And the new cook? Her work despatched, and her kitchen to herself, she was free to get dinner for one more of madame’s guests.
“Faith! he’d die of a black fit if he ever knew he was a guest of Quality House—and she’d die of another if she found out whom she was entertaining. But, glory be to Peter! what neither of them knows won’t hurt them.” And Patsy, unobserved, opened the back door and retraced the road to the deserted stable with a full basket and a glad heart.
She found the tinker under some trees at the back, smoking a disreputable cuddy pipe with a worse accompaniment of tobacco. When he saw her he removed it apologetically.

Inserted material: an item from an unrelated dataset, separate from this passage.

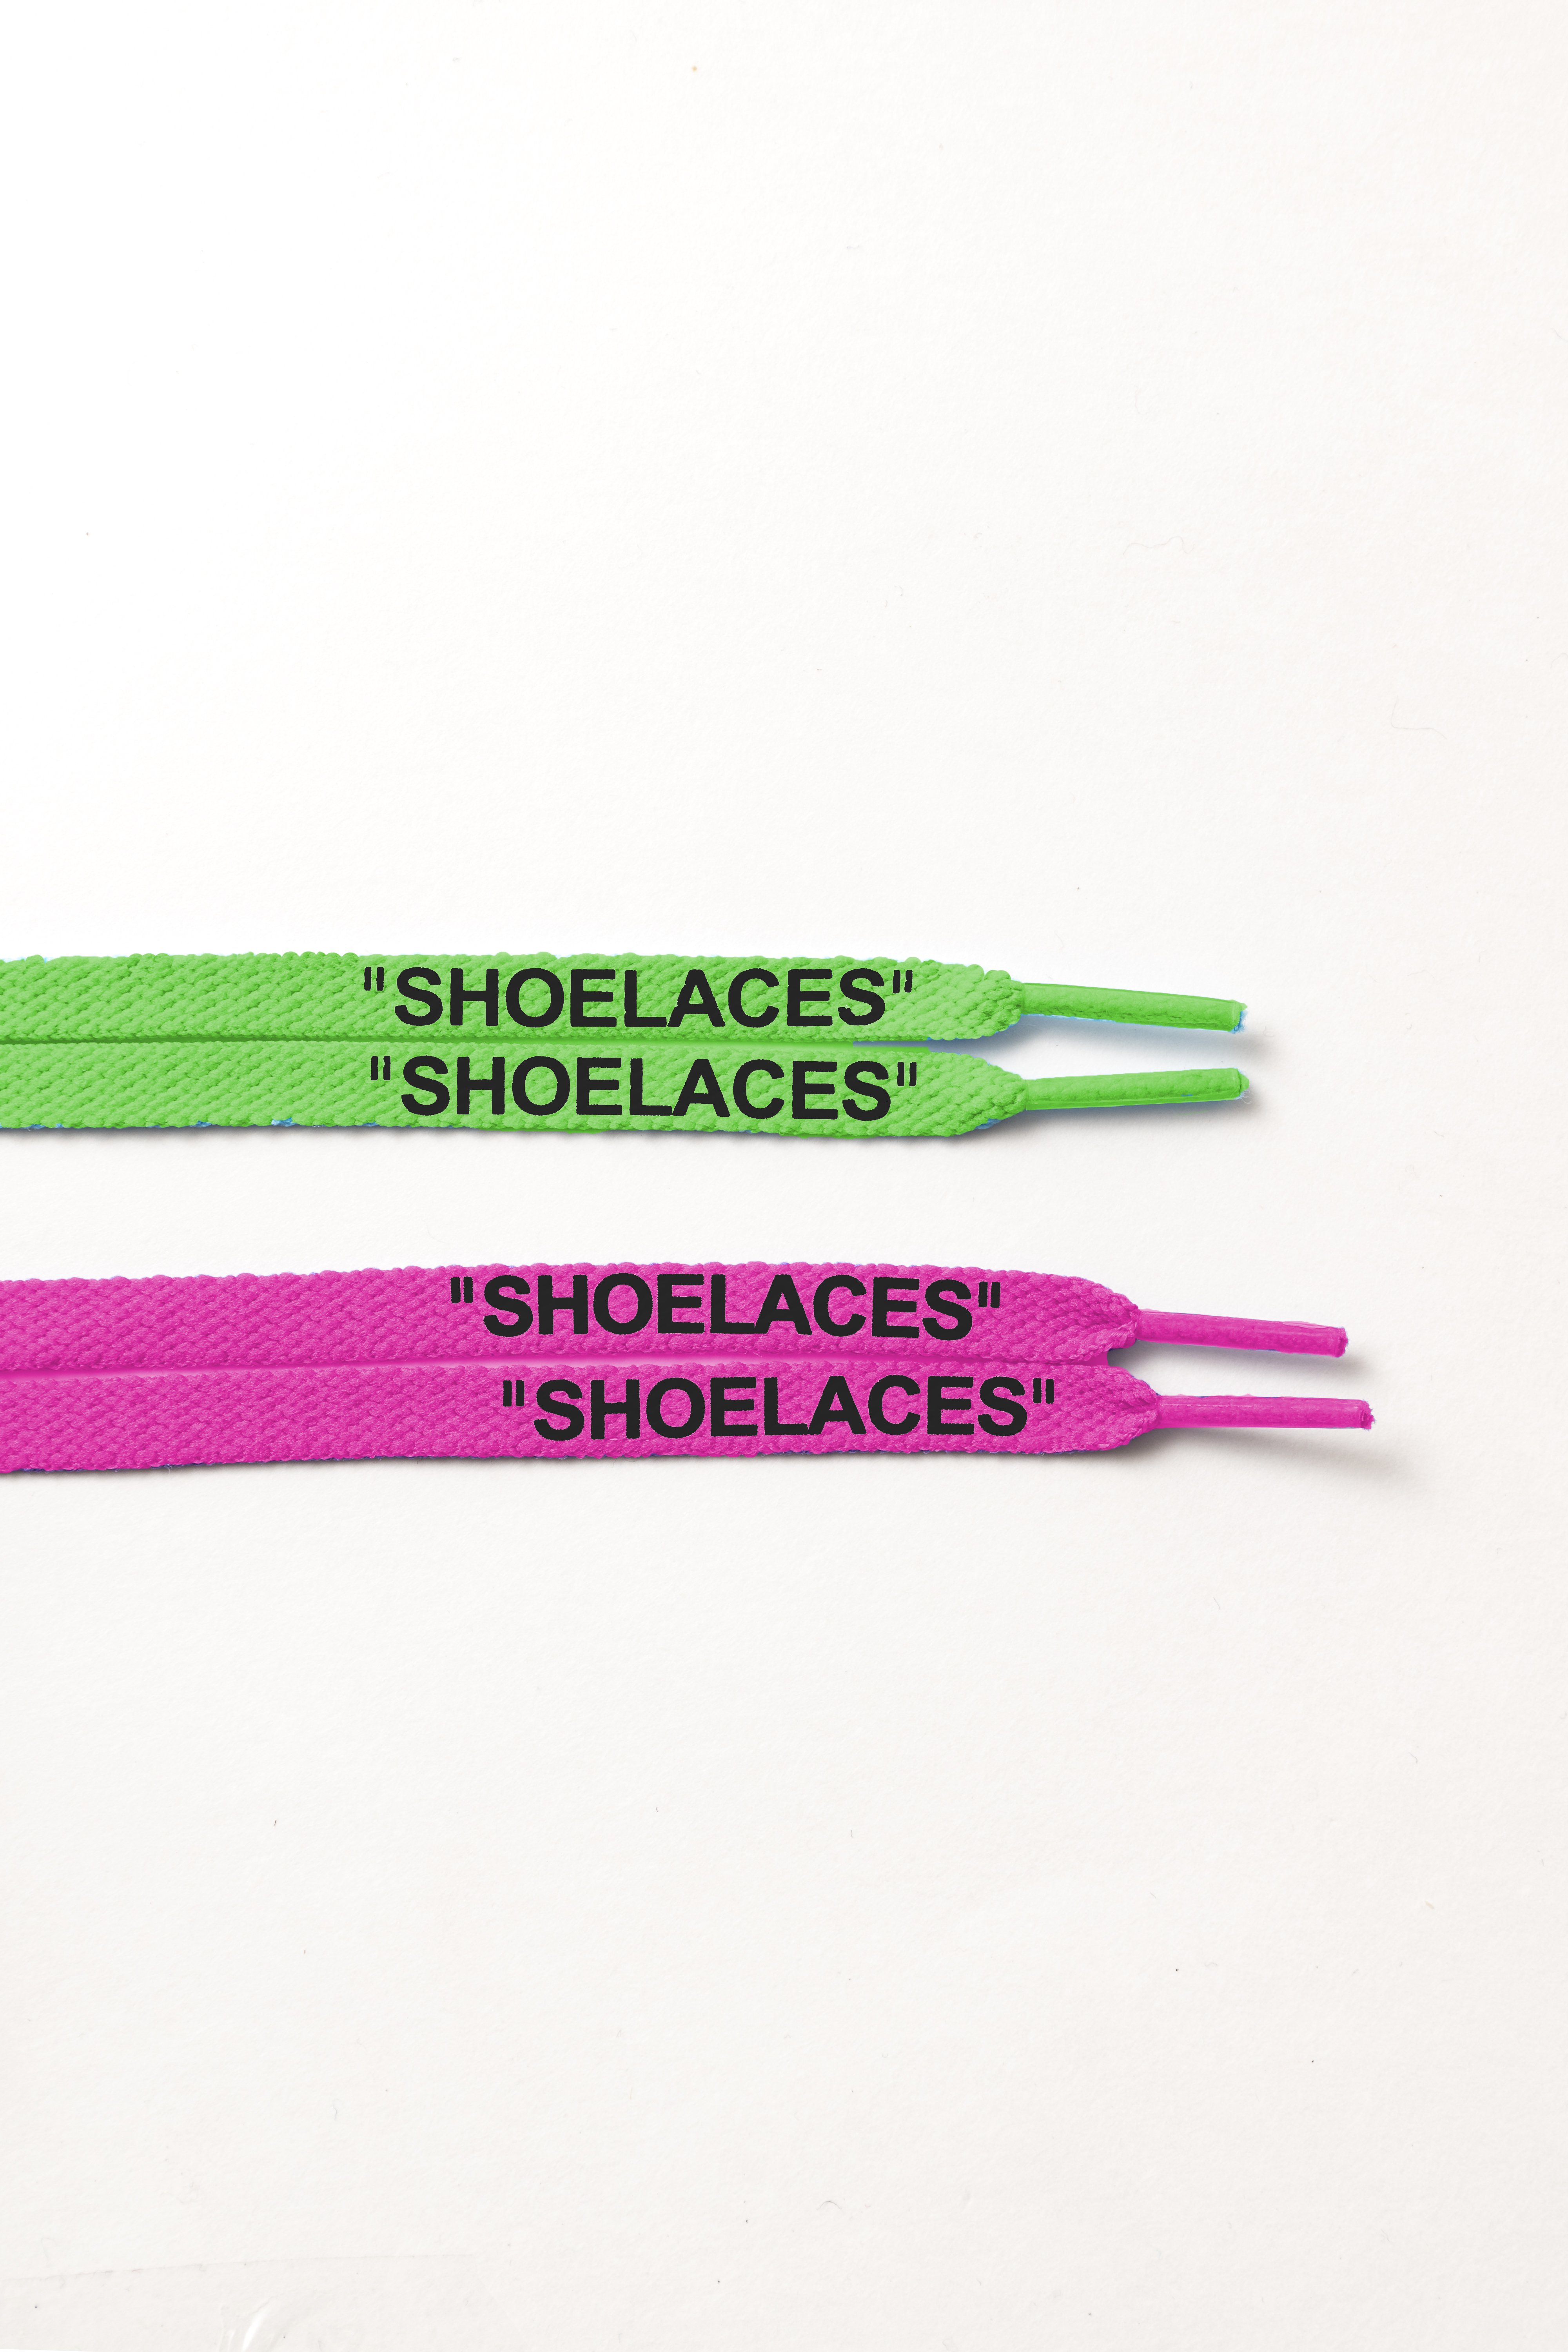 off white shoelaces real

“It smells horrible, I know. I found it, forgotten, on a ledge of the stable, but it keeps a chap from remembering that he is hungry.”

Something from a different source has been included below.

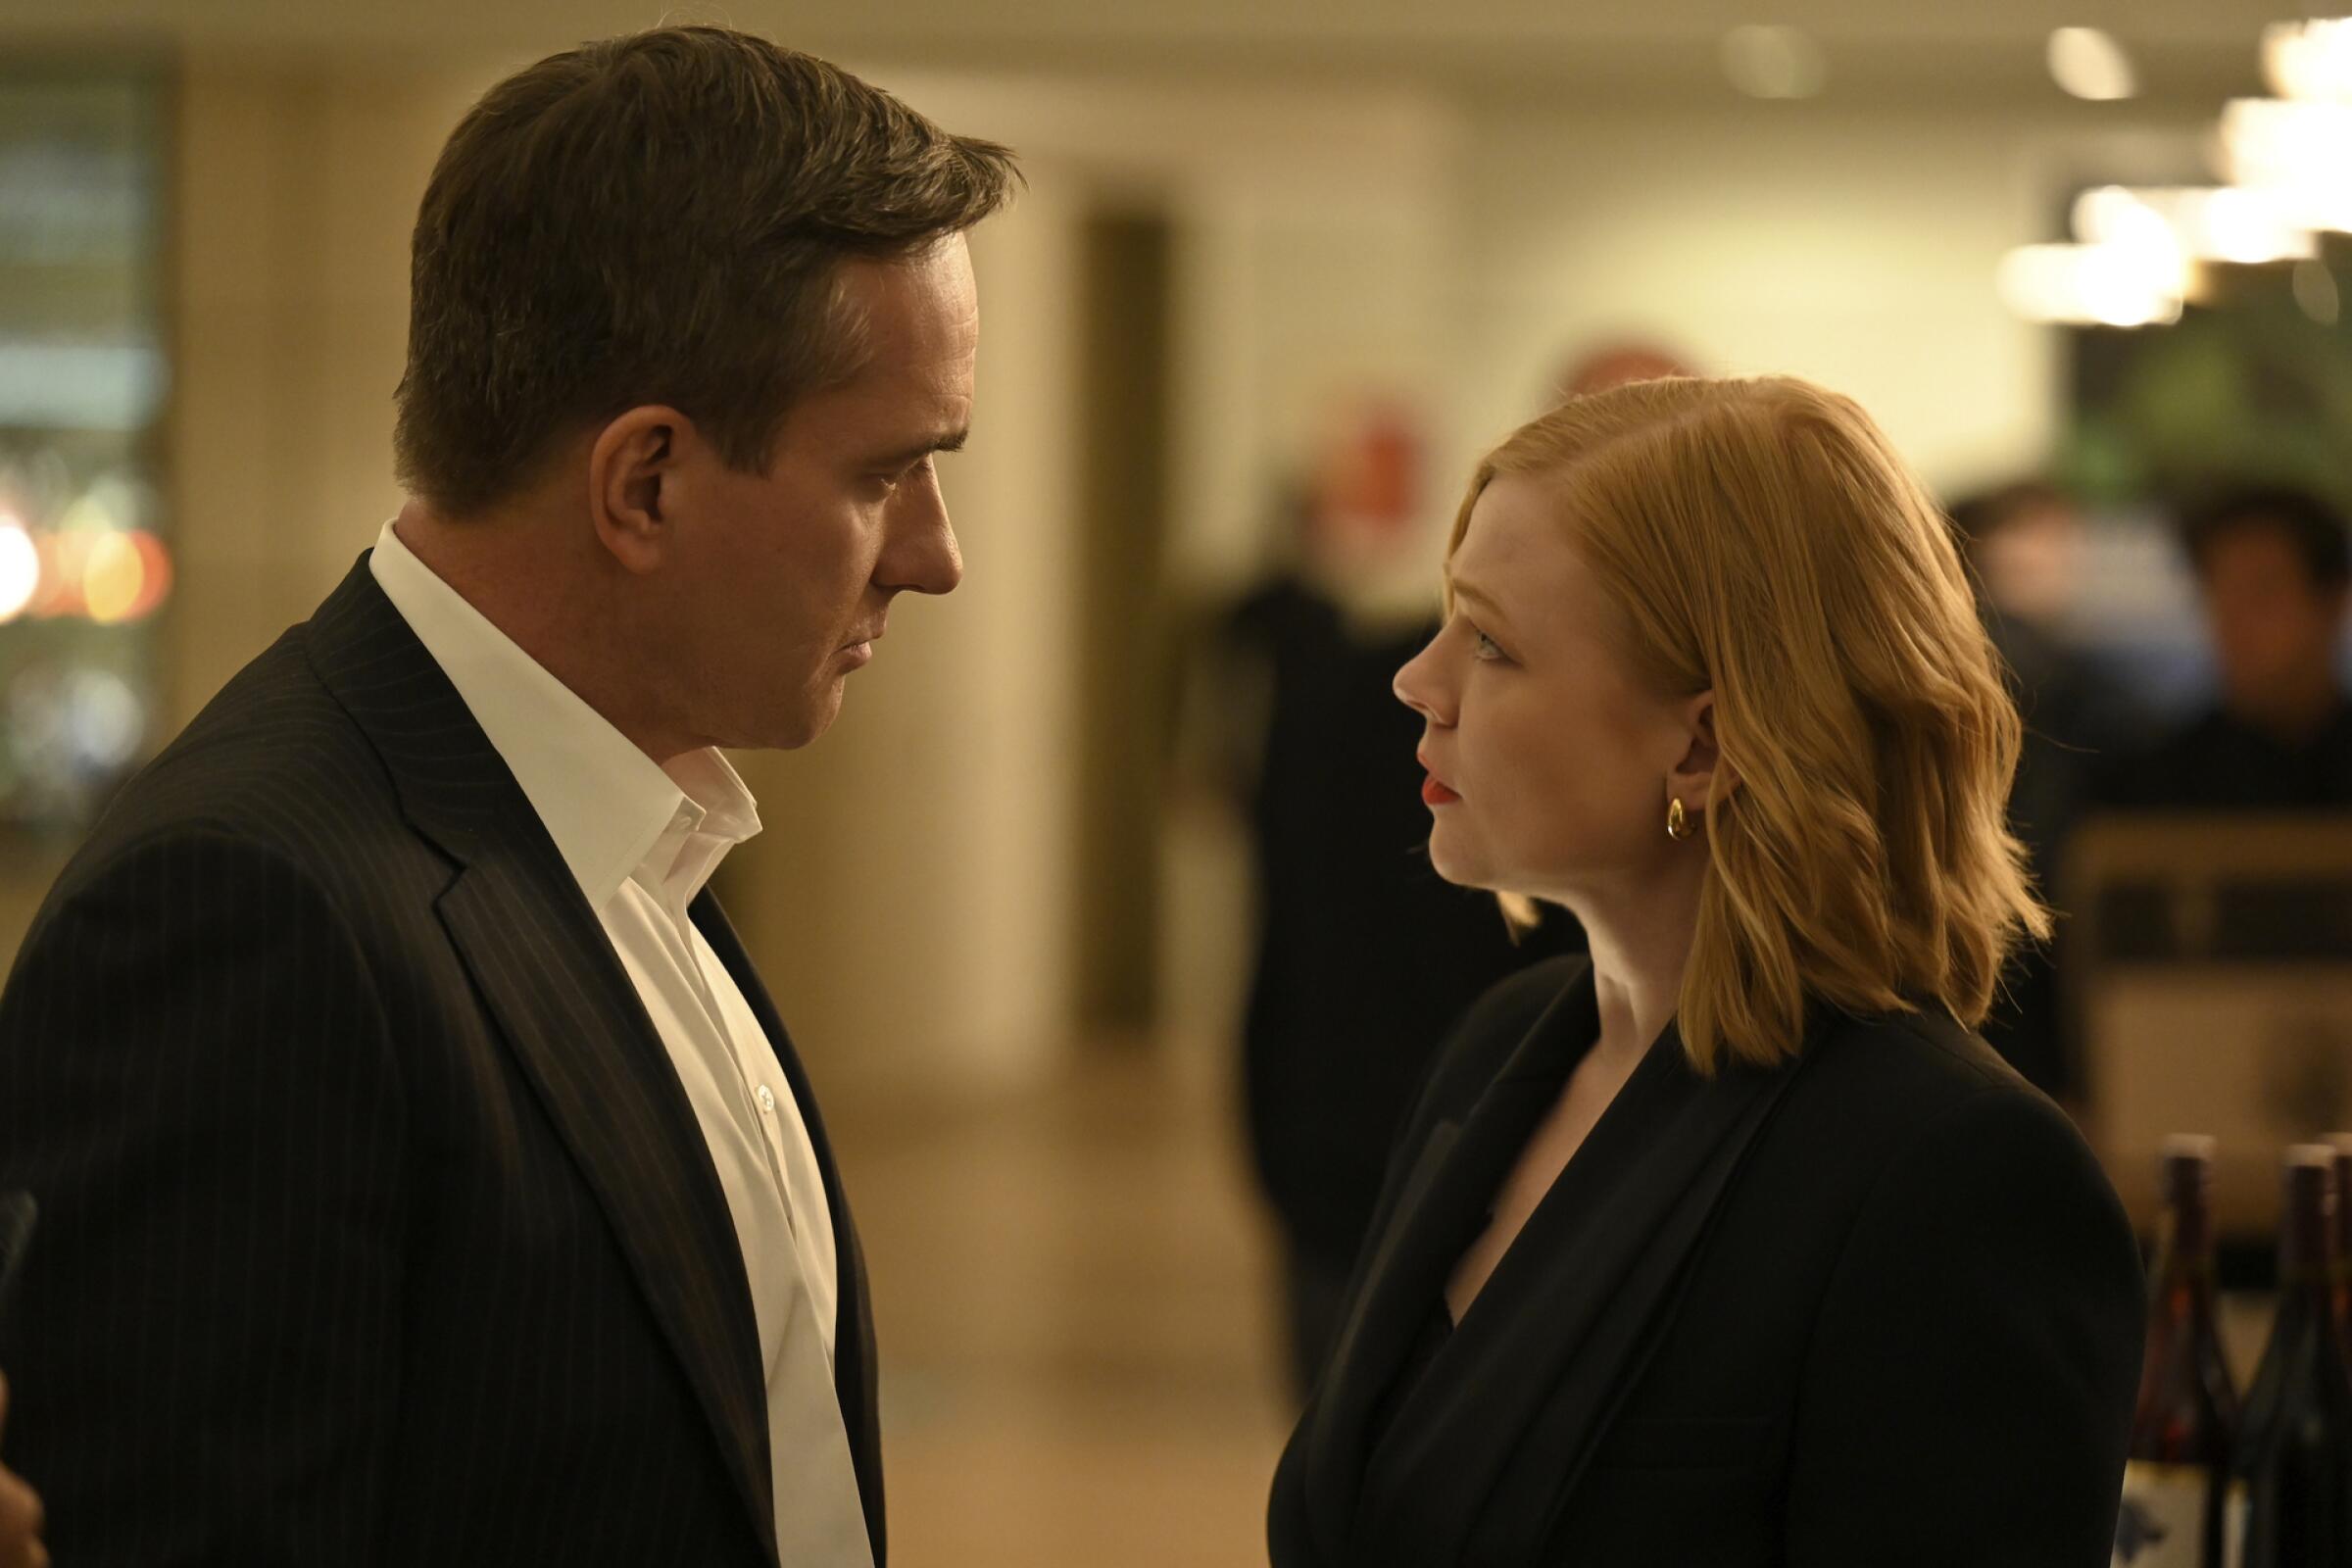 A well-dressed man and woman stand face to face looking tense in a scene from "Succession."

“Poor lad!” Patsy knelt on the ground beside him and opened her basket. “Put your nose into that, just. ’Tis a nine-course dinner and every bit of the best. Faith! ’tis lucky I was found on a Brittany rose-bush instead of one in Heidelberg, Birmingham, or Philadelphia; and if ye can’t be born with gold in your mouth the next best thing is a mixing-spoon.”
“Meaning?” queried the tinker.
“Meaning—that there’s many a poor soul who goes hungry through life because she is wanting the knowledge of how to mix what’s already under her nose.”
The tinker looked suspiciously from the contents of the basket to Patsy, kneeling beside it, and he dropped into a shameless mimicry of her brogue. “Aye, but how did she come by—what’s under her nose? Here’s a dinner for a king’s son.”
“Well, I’ll be letting ye play the king’s son instead of the fool to-night, just, if ye’ll give over asking any more questions and eat.”
“But”—he sniffed the plate she had handed him with added suspicion—“roast duck and sherry sauce! Honest, now—have ye been begging?”